Since a politico acts as both a trustee and a delegate depending on the popular saliency of the issue at hand, he is able to make decisions that the people are pushing for, but is also able to step in and make decisions that he thinks are best for the people. The findings in the Canes-Wrone and Shotts piece provide a good example as to when the president should act as a delegate. Issues that constituents think about routinely such as crime, education and economy should be represented by a delegate who will take into consideration the will of the people, since they are the ones who are the most directly effected. Things like the federal reserve, nuclear energy and foreign policy should probably not be up to the popular will of the people and should be looked after by a trustee who will make more informed, conversant decisions.
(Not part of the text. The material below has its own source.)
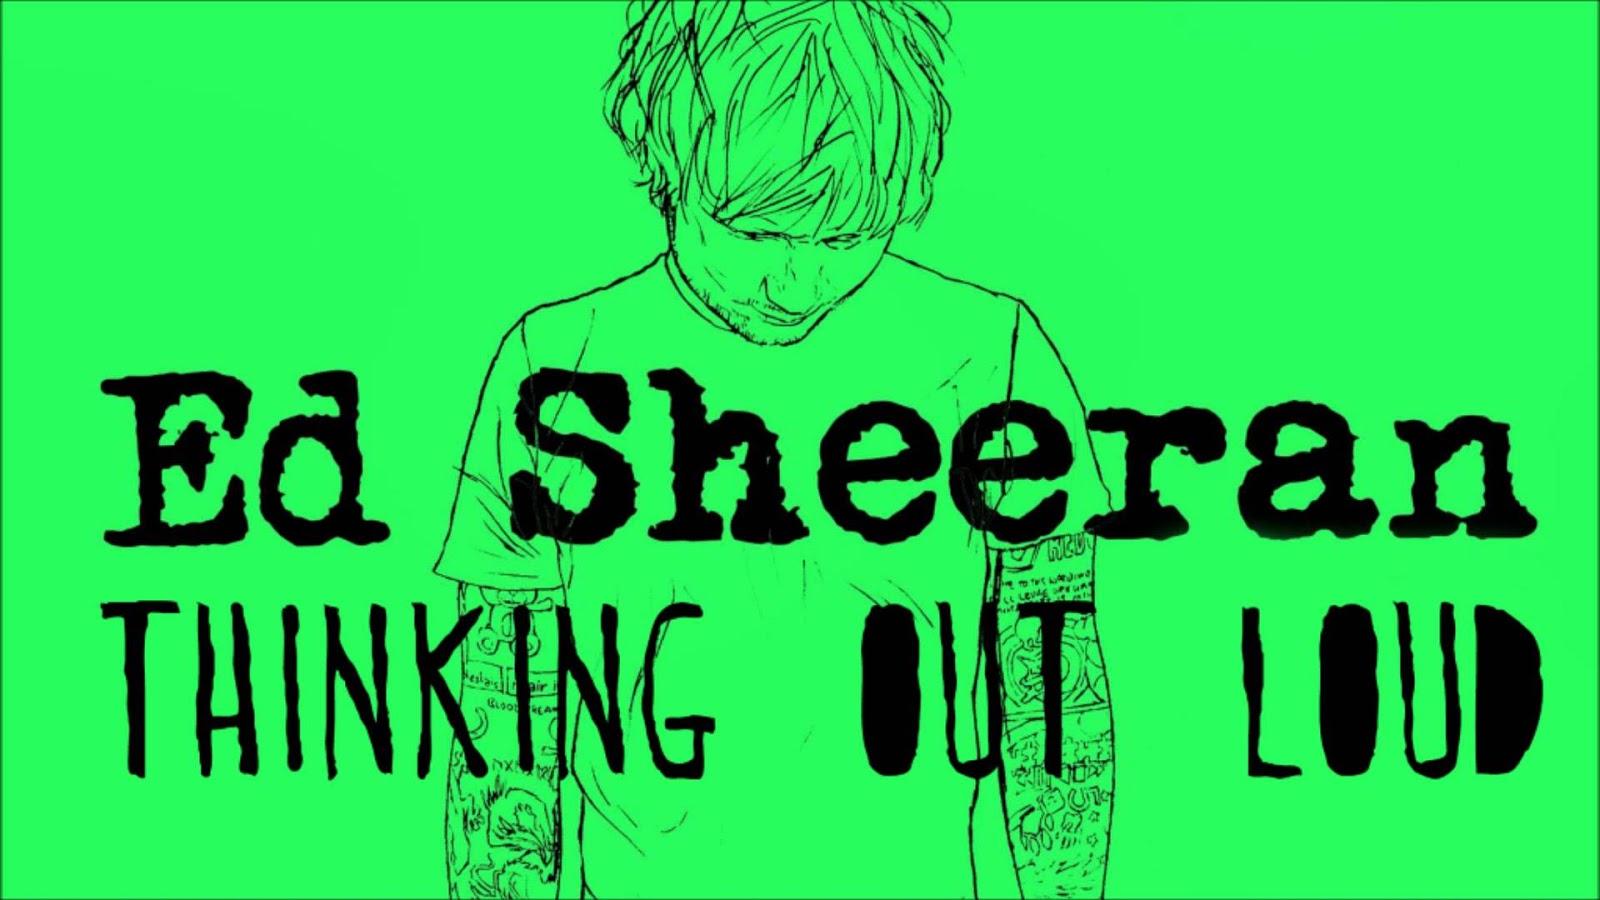 Ed Sheeran Thinking Out Loud Mp3 Descargar Gratis idea gallery

However there are some cons to this type of representative. If the executive is acting as a politico, according to its definition he is supposed to act in accordance to the popular salience of an issue. Sometimes a representative’s constituents may push for a popular policy to be passed but is it really always the best decision. Sometimes people are blinded by their own opinions and while appeasing the majority is always a popular thing to do, it may not be what is always best for the country. He should strive to represent all citizens, but that’s not very realistic. He should definitely represent just the electorate, but maybe an aim at all citizens with a stronger focus on those in his political party. While I’m sure there are some people of the opposite political party who voted for the president in power, it is largely due to his political party who elected him. 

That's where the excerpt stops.